Overall, the model perform well to predict the the Heating Load and Cooling Load with R2 score >= 97% even not using hyperparameter optimization

* R2 score of **Decision Tree Regressor** model = 97.0%
* R2 score of **Random Forest Regressor** model = 97.8%
* R2 score of **Extra Trees Regressor** model = 97.7%

To increase the F1 score, we have applied hyperparameter tuning using GridSearch and obtain
* R2 score of **Decision Tree Regressor** model = 97.9%
* R2 score of **Random Forest Regressor** model = 98.0%
* R2 score of **Extra Trees Regressor** model = 98.3%

We can conclude that Extra Tree Regressor is the best model to predict the Heating Load and Cooling Load values with the optimum R2 score of 98.3%

#### 2. Recommendation

R squared sometimes is not a good indicator of fit. R squared (R2 score) will always increase as we add more independent variables – but adjusted R2 will decrease if we add an independent variable that does not help the model. This is good way to determine if an additional variable should even be included.
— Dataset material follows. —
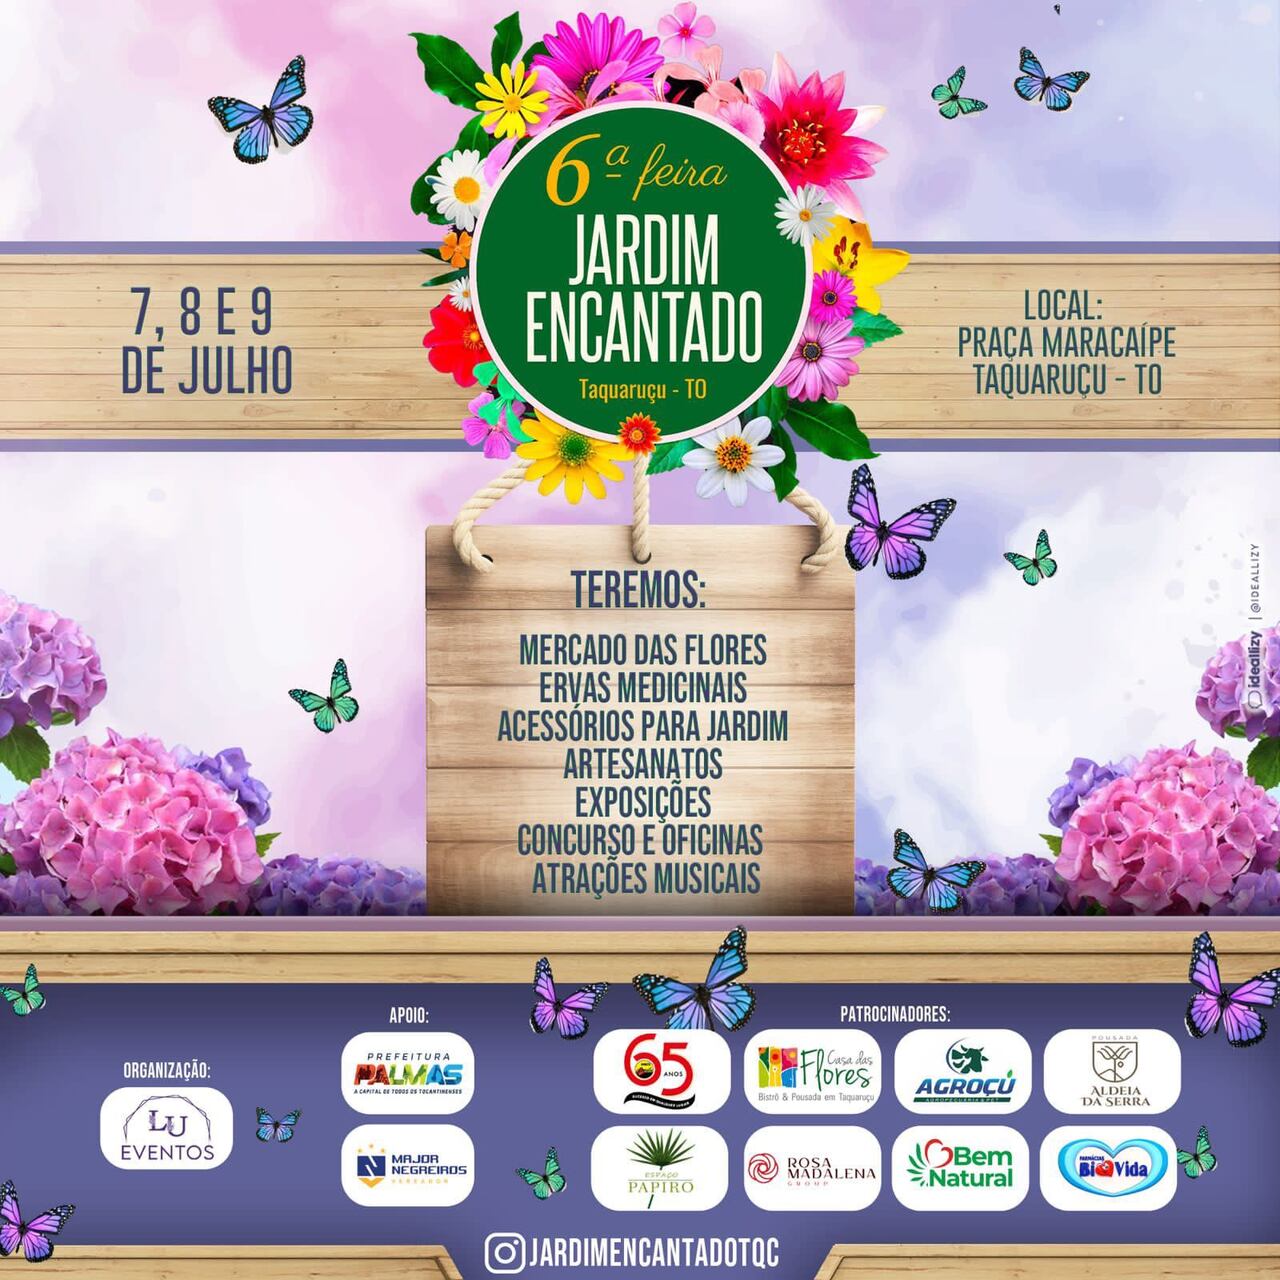 Distrito de Taquaruçu se prepara para receber a 6ª edição da Feira Jardim Encantado; saiba detalhes

However, adjusted R2 which penalizes model complexity to control for overfitting, generally under penalizes complexity. 

In [None]:
# create a fitted model with all features
import statsmodels.formula.api as smf
data2=data.copy()
lm1 = smf.ols(formula='heating_load ~ relative_compactness + surface_area + wall_area + roof_area + overall_height + orientation + glazing_area + glazing_area_distribution', data=data2).fit()

In [None]:
# Summarize fitted mode
lm1.summary()

In [None]:
# create a fitted model with all features excluding "orientation"
lm2 = smf.ols(formula='heating_load ~ relative_compactness + surface_area + wall_area + roof_area + overall_height + glazing_area + glazing_area_distribution', data=data2).fit()

In [None]:
# Summarize fitted mode
lm2.summary()

Adjusted R squared is recommended than R squared in terms of goodness of fit. The above steps is the example of creating two models, one model uses all features and the other one loses one feature. In this case, it shows that adding variables does not always make our model better (see the R squared and Adj. R squared from the summary tables). So, we do not need to include all variable for multiple regression if not helping to create better model.